Zwischen Selbstbestimmungsrecht und Schutzmaßnahmen

Der Umgang mit sexuellen Bedürfnissen von geistig oder seelisch beeinträchtigten Jugendlichen ist in der (sexual-)pädagogischen Arbeit eine große Herausforderung. Wie sieht der Umgang mit Sexualität, Liebe und Partnerschaft in der Einrichtung aus? Welches Maß an Selbstbestimmung wird Mädchen und Jungen zugestanden und welche Schutzmaßnahmen sind sinnvoll? Neben den institutionell gesetzten Rahmenbedingungen
spielt die Haltung der pädagogischen Fachkräfte eine wichtige Rolle.

In der Praxis wirft das neben Fragen zum konkreten Umgang auch ethische Fragen auf, die im Rahmen des Seminars diskutiert werden.

Das Seminar richtet sich an Mitarbeitende aus Einrichtungen der stationären Jugendhilfe mit dem Fokus auf geistige und seelische Beeinträchtigungen.

5. September
Seminar
€ 70,00 (inkl. vegetarischer Verpflegung)
Stephansstift, Hannover

Anmeldung | Buchungsnummer: A1840

 

„Du willst es, du kriegst es“

Ist eine Erziehung zum Verzicht möglich?

Ich sehe, was du siehst, was du hörst, was du isst. Ich beobachte, was du kaufst, ich weiß, was du bist – oder sein willst. Durch das Hinterlassen von Datenspuren sind junge Menschen noch interessanter für die Wirtschaft geworden. Auch für das Funktionieren von sozialen Netzwerken und innerhalb von Peer Groups ist das Veröffentlichen der Konsummuster scheinbar lebenswichtig.

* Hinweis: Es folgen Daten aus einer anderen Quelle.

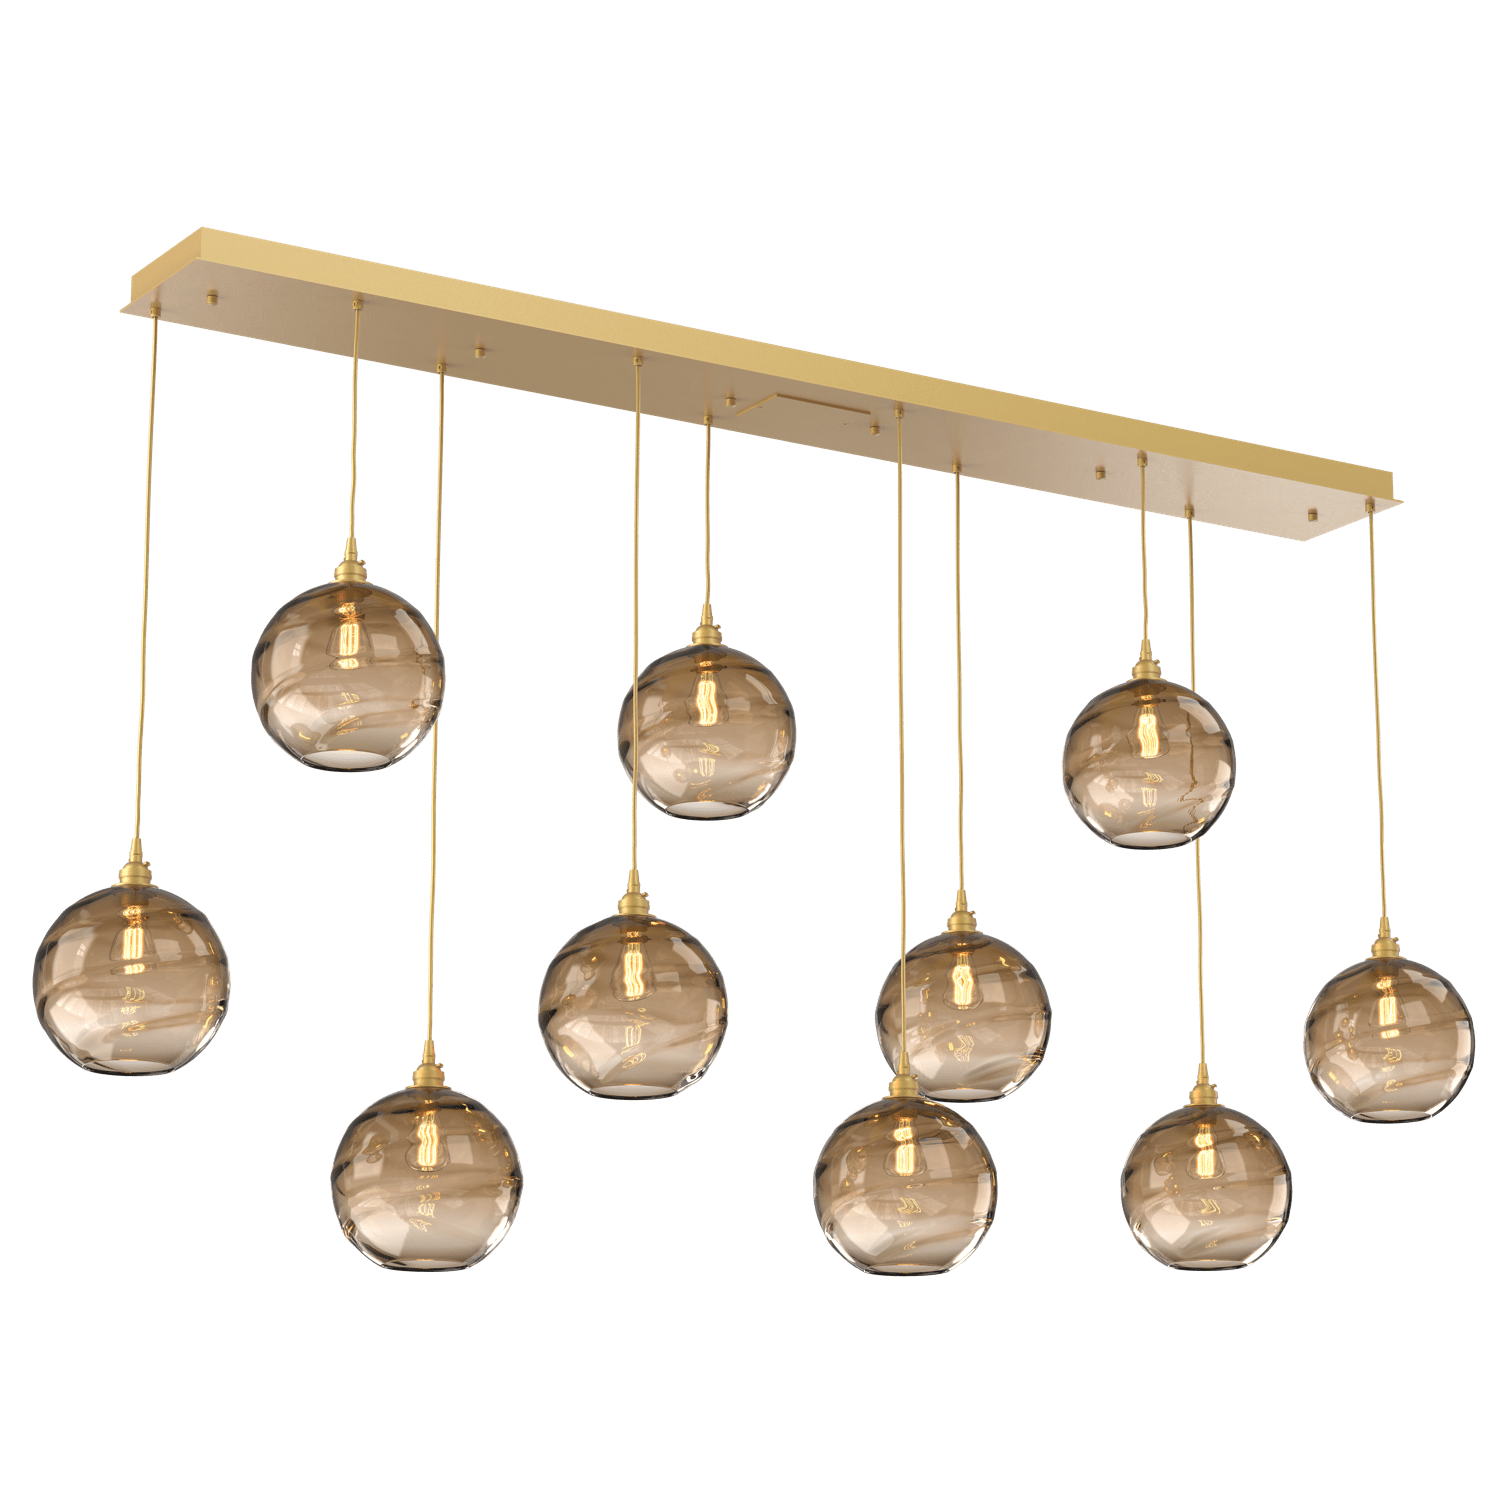 PLB0047-10-GB-OB-Hammerton-Studio-Optic-Blown-Glass-Terra-10-light-linear-pendant-chandelier-with-gilded-brass-finish-and-optic-bronze-blown-glass-shades-and-incandescent-lamping

Fragt man Jugendliche nach ihrem Berufswunsch, wird nicht selten YouTuberin oder Fußballer gesagt – Hauptsache schnell reich. Geld haben und ausgeben können scheint eine neue Schlüsselqualifikation zu sein. Der Druck ist groß, gerade für Kinder und Jugendliche, dazuzugehören, mit dem richtigen Kopfhörer, dem angesagten Spiel und der abgefahrenen Klamotte. Wenn die meisten Kinder bereits in der Grundschule ein eigenes Smartphone besitzen, Turnschuhe für 200 Euro selbstverständlich sind und schon 6-Jährige beim Friseur gestylt werden, ist Kritik an diesem Konsumverhalten nicht gern gesehen.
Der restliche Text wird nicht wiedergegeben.